Sayangnya, ayahmu adalah salah satu dari mereka, yang tidak punya kesempatan untuk memahami bagaimana cara sebuah bunga tumbuh dengan maksimal. Padahal kamu tau, ayahmu adalah sebaik-baiknya manusia yang ingin menjadi kebanggaanmu. Sosok yang kamu tau punya banyak trauma dibalik kerasnya dan punya banyak mimpi terkubur dibalik semangatnya. Dan dengan segala hormat yang kamu punya untuknya, kata maaf selalu kamu sebar karena kamu ingin hidup damai. Semua orang tau, damai saja tidak cukup kalau yang kamu inginkan adalah belaian hangat di atas kepalamu darinya.
Lalu, kenapa kata maaf sulit sekali kamu beri untuk dirimu sendiri? Mungkin orang lain melihat kamu seperti batu, keras tak berbentuk dan banyak sisi tajamnya alias menyakiti siapapun yang berusaha menyentuhmu. Padahal sebenarnya itu adalah bentuk perlindungan kamu atas diri sendiri. Kamu takut pada siapapun yang mendekat, karena kamu tau nggak banyak yang bisa paham rumitnya kamu. Maka berkamuflase lah kamu, menjadi batu berduri paling berbahaya di dunia yang kamu buat sendiri agar tidak ada yang mendekatimu dan tidak ada yang perlu terluka karenamu.
Sampai kamu lupa, kalau kamu juga menyakiti diri sendiri.
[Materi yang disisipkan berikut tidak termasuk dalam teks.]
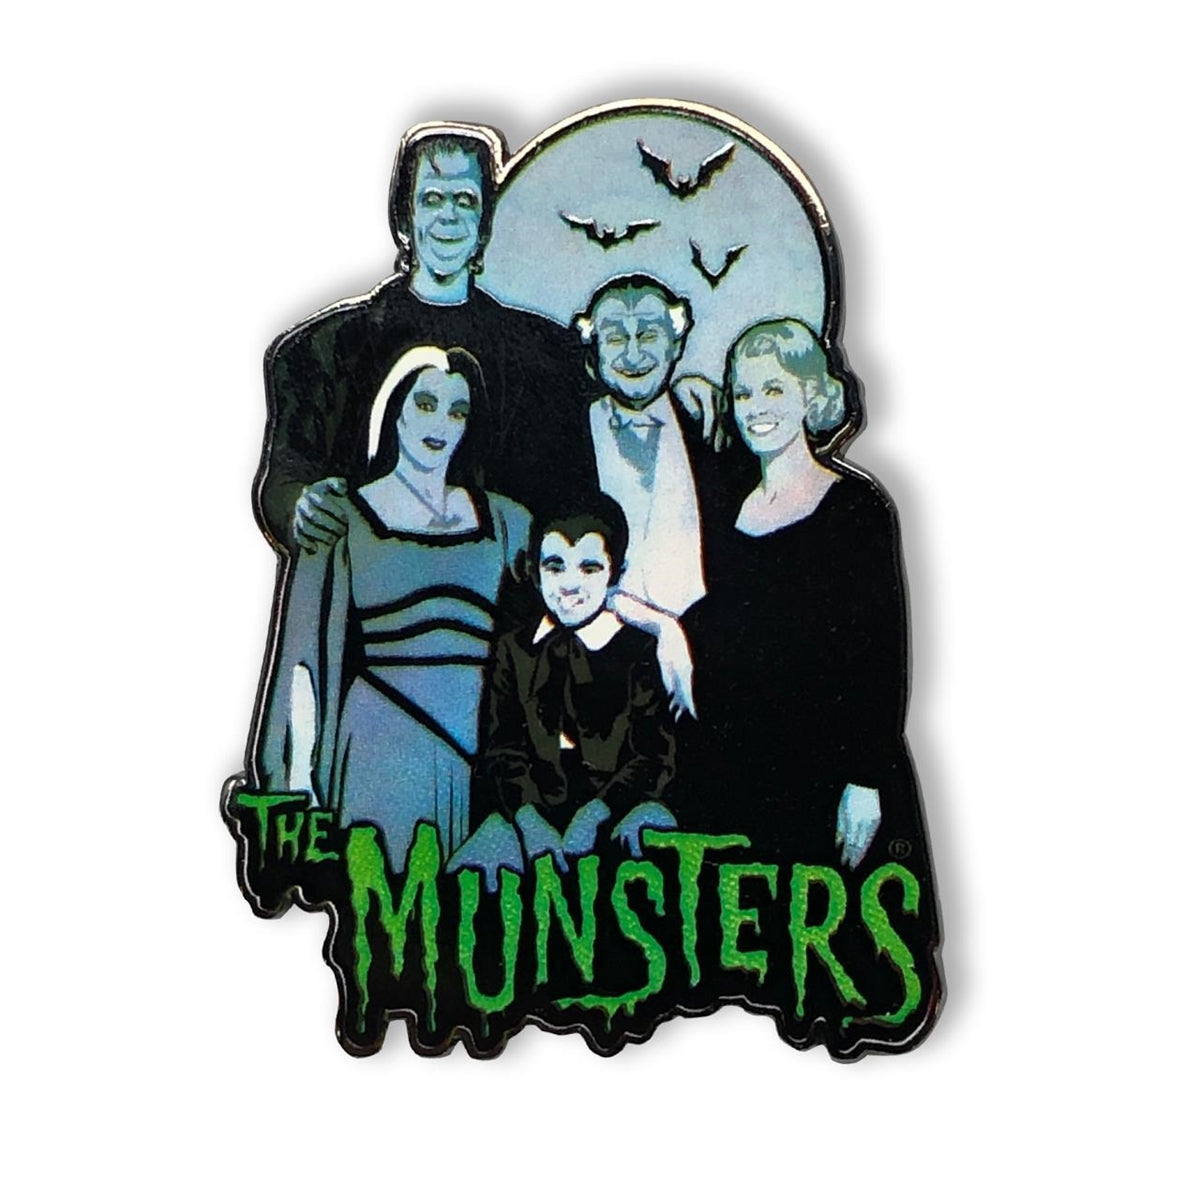 "The Munsters Family" enameled metal 1 5/8" x 2 1/4" clutch back pin, featuring the cast of the campy 60s TV show posing together in front of a full moon

Melalui semua kata kenapa, semua kata bagaimana, semua kata kapan, dan semua kata apa, kamu tanpa sadar menggerogoti kewarasan yang tersisa. Kenapa ruang gerak perempuan dibatasi? Bagaimana bisa adik yang umurnya jauh lebih muda darimu diberi izin melakukan ini dan itu sementara kamu tidak, hanya karena dia seorang laki-laki dan kamu perempuan? Sejak kapan hal-hal yang ada di hidupmu berbelok ke arah yang berbeda dari yang kamu rencanakan? Apakah orang-orang yang kamu sayangi dengan sepenuh hati juga menyayangimu?
Pertanyaan-pertanyaan yang kamu bahkan nggak tau siapa yang bisa menjawab atau kapan bisa terjawab. Terseok-seok kamu paksa kakimu berjalan kesana kemari, mencari tujuan yang bisa buat kamu waras lagi; yang bisa buat hawa panas di hatimu menguap tanpa sisa.
Mati-matian kamu tahan air mata sepanjang hari menggunakan tenaga yang tersisa, supaya kamu tidak perlu takut dipandang lemah. Kata orang, “Jangan takut, kita kan punya tuhan.” Kenapa pula manusia dilarang untuk takut? Tuhan menciptakan rasa takut pada diri manusia bukan untuk dilarang “digunakan”, justru dengan rasa takut lah kamu menjadi manusia seutuhnya. Manusia harus lebih belajar menghargai kedatangan rasa takut, sedih, marah, dan gelisah. Karena di dunia ini, warna putih selalu berdampingan dengan warna hitam. Dan kamu berhasil dalam hal ini.
Tulisan ini tidak memiliki penutup khusus sebagai tanda selesai, sama seperti kamu yang tak pernah menuntaskan penjelasan atas berat yang kamu rasa pada orang lain. Berharap orang lain mengerti tanpa perlu dijelaskan. Kamu perlu belajar, bahwa mereka hanyalah manusia biasa, bukan peramal apalagi dukun yang bisa tau tanpa dijelaskan. Hanya sekedar tau, karena tidak semua orang mau mengerti.